Chen Zhang1,* | Wencheng Han2,* | Yang Zhou1 | Jianbing Shen2,† | Cheng-zhong Xu2 | Wentao Liu1,†
1 SenseTime Research and Tetras.AI, 2 SKL-IOTSC, CIS, University of Macau
* Equal Contribution. † Corresponding Authors.
- We propose a new architecture for RAW video derendering. This architecture can efficiently de-render RAW video sequences using only one RAW frame and sRGB videos as input. By adopting this method, both storage and computation efficiency for RAW video capturing can be significantly improved.
- We propose a new benchmark for RAW video derendering to comprehensively evaluate the methods for this task. To our knowledge, this is the first benchmark specifically designed for the RAW video de-rendering task.
The framework consists of two main stages:
- Temporal Affinity Prior Extraction: This stage generates a reference RAW image by leveraging motion information between adjacent frames.
- Spatial Feature Fusion and Mapping: Using the reference RAW as the initial state, a pixel-level mapping function is learned to refine inaccurately predicted pixels from the first stage. This process incorporates guidance from the sRGB image and preceding frames.
- Dataset Release
- Model Release
- Code Release
Our model does not use any hard-to-configure packages. You only need to install torch and some simple dependencies (such as numpy, cv2). Of course, you can directly follow the steps below to configure the environment:
# git clone this repository
git clone https://github.com/zhangchen98/RAW_CVPR24.git
cd RAW_CVPR24
# create an environment
conda create -n videoRaw python=3.8
conda activate videoRaw
pip install -r requirements.txt
You can download our RVD dataset from here(code: dk5h). Then put the dataset into the folder ./RVD.

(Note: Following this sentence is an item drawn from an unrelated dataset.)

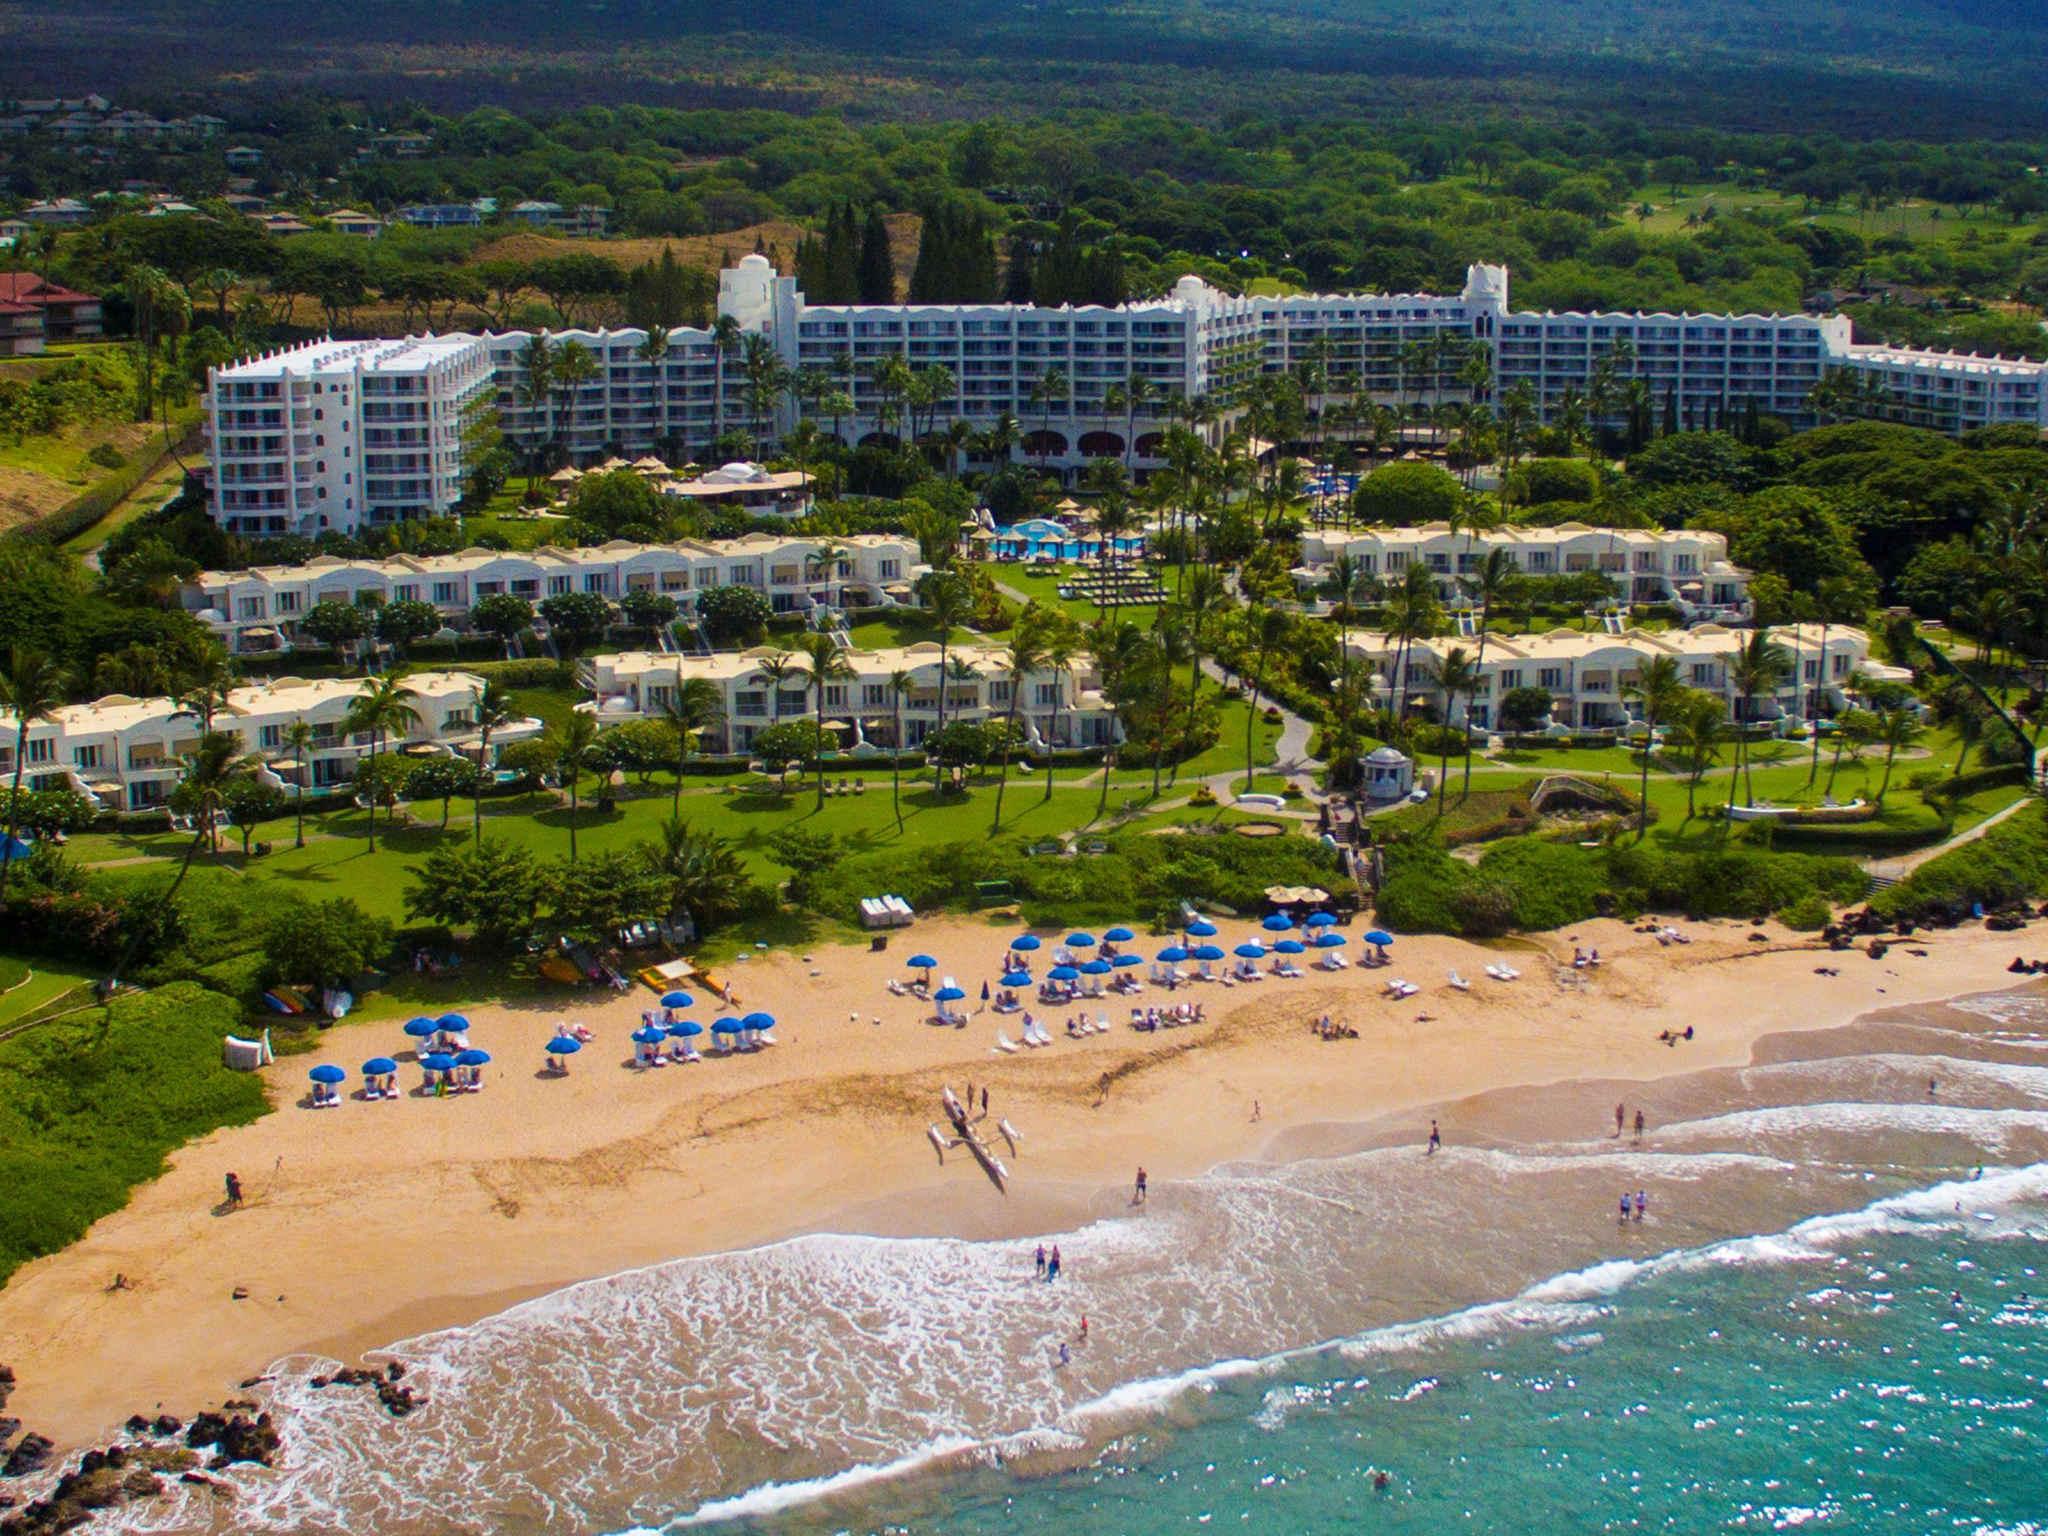 Hotel - Fairmont Kea Lani - Maui

🚩 If you have trouble unzipping, you can use the following command:
sudo apt update
sudo apt install p7zip-full
7z x RVD.zipThe folder structure is as follows:
RVD
├── Part1
│ ├── test
│ │ ├── data.json
│ │ ├── DNG
│ │ ├── flow
│ │ ├── RAW
│ │ ├── sRGB
│ │ └── tags.json
│ └── train
│ ├── data.json
│ ├── DNG
│ ├── flow
│ ├── RAW
│ └── sRGB
└── Part2
├── test
│ ├── data.json
│ ├── flow
│ ├── RAW
│ └── sRGB
└── train
├── data.json
├── flow
├── RAW
└── sRGB
For both subsets, we provide optical flow data using the unimatch method. In addition, we also provide the original '.DNG' data for RVD-Part1.
Since different camera ISP pipelines are specific, we train the derendering model on each sub-dataset separately.

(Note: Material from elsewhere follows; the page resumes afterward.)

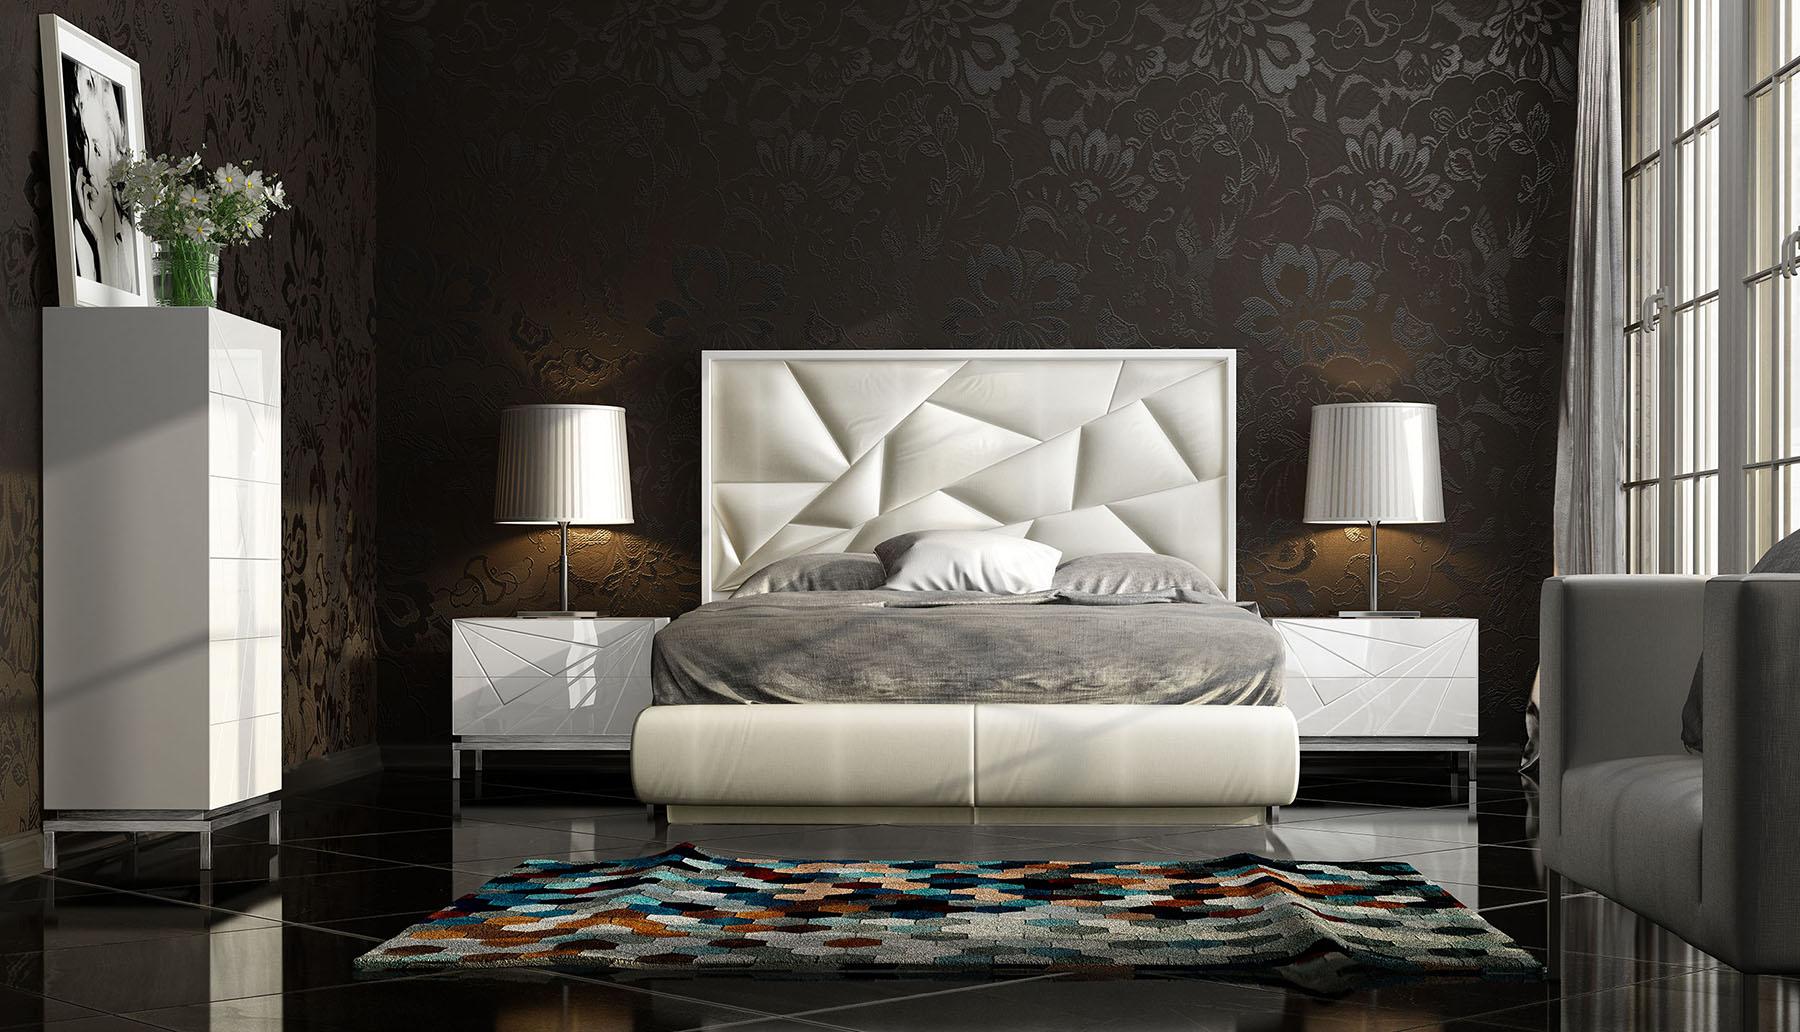 Dormitorios_Contempóraneos_(3)

Train the model on the RVD-Part1 dataset:
python3 -u main.py \
--trainset_root='./RVD/Part1/train' \
--testset_root='./RVD/Part1/test' \
--input_size="900,1600" \
--save_dir='./checkpoints/RVD_Part1' \
--batch_size=2 \
--test_freq=20 \
--patch_size=256 \
--load_from='' \
--port=12355 \
--max_epoch=60 \
--num_worker=8 \
--init_lr=0.002 \
--lr_decay_epoch=20 \
--aux_loss_weight=0.5 \
--ssim_loss_weight=1.0 \
--localTrain the model on the RVD-Part2 dataset:
python3 -u main.py \
--trainset_root='./RVD/Part2/train' \
--testset_root='./RVD/Part2/test' \
--input_size="640,1440" \
--save_dir='./checkpoints/RVD_Part2' \
--batch_size=2 \
--test_freq=20 \
--patch_size=256 \
--load_from='' \
--port=12347 \
--max_epoch=60 \
--num_worker=8 \
--init_lr=0.002 \
--lr_decay_epoch=20 \
--aux_loss_weight=0.5 \
--ssim_loss_weight=1.0 \
--local \You can also amend the startup script in 'scripts' folder to use multi-GPU training.
-
Download the pretrained models (RVD_Part1.pth, RVD_Part2.pth) from BaiduYun (code: axh6).
-
Put the pretrained models in the './pretrain' folder.
-
Run the test script:
# test on RVD-Part1
python3 -u main.py \
--trainset_root='./RVD/Part1/train' \
--testset_root='./RVD/Part1/test' \
--input_size="900,1600" \
--save_dir='./checkpoints/RVD_Part1' \
--batch_size=8 \
--test_freq=20 \
--patch_size=256 \
--load_from='./pretrain/RVD_Part1.pth' \
--port=12355 \
--max_epoch=60 \
--num_worker=8 \
--init_lr=0.002 \
--lr_decay_epoch=20 \
--aux_loss_weight=0.5 \
--ssim_loss_weight=1.0 \
--local \
--test_only \
# --save_predict_raw # add this option to save the predicted raw images# test on RVD-Part2
python3 -u main.py \
--trainset_root='./RVD/Part2/train' \
--testset_root='./RVD/Part2/test' \
--input_size="640,1440" \
--save_dir='./checkpoints/RVD_Part2' \
--batch_size=8 \
--test_freq=20 \
--patch_size=256 \
--load_from='./pretrain/RVD_Part2.pth' \
--port=12347 \
--max_epoch=60 \
--num_worker=8 \
--init_lr=0.002 \
--lr_decay_epoch=20 \
--aux_loss_weight=0.5 \
--ssim_loss_weight=1.0 \
--local \
--test_only \
# --save_predict_raw # add this option to save the predicted raw imagesYou can find the testing results in the ./checkpoints/RVD_Part1 and ./checkpoints/RVD_Part2 directories.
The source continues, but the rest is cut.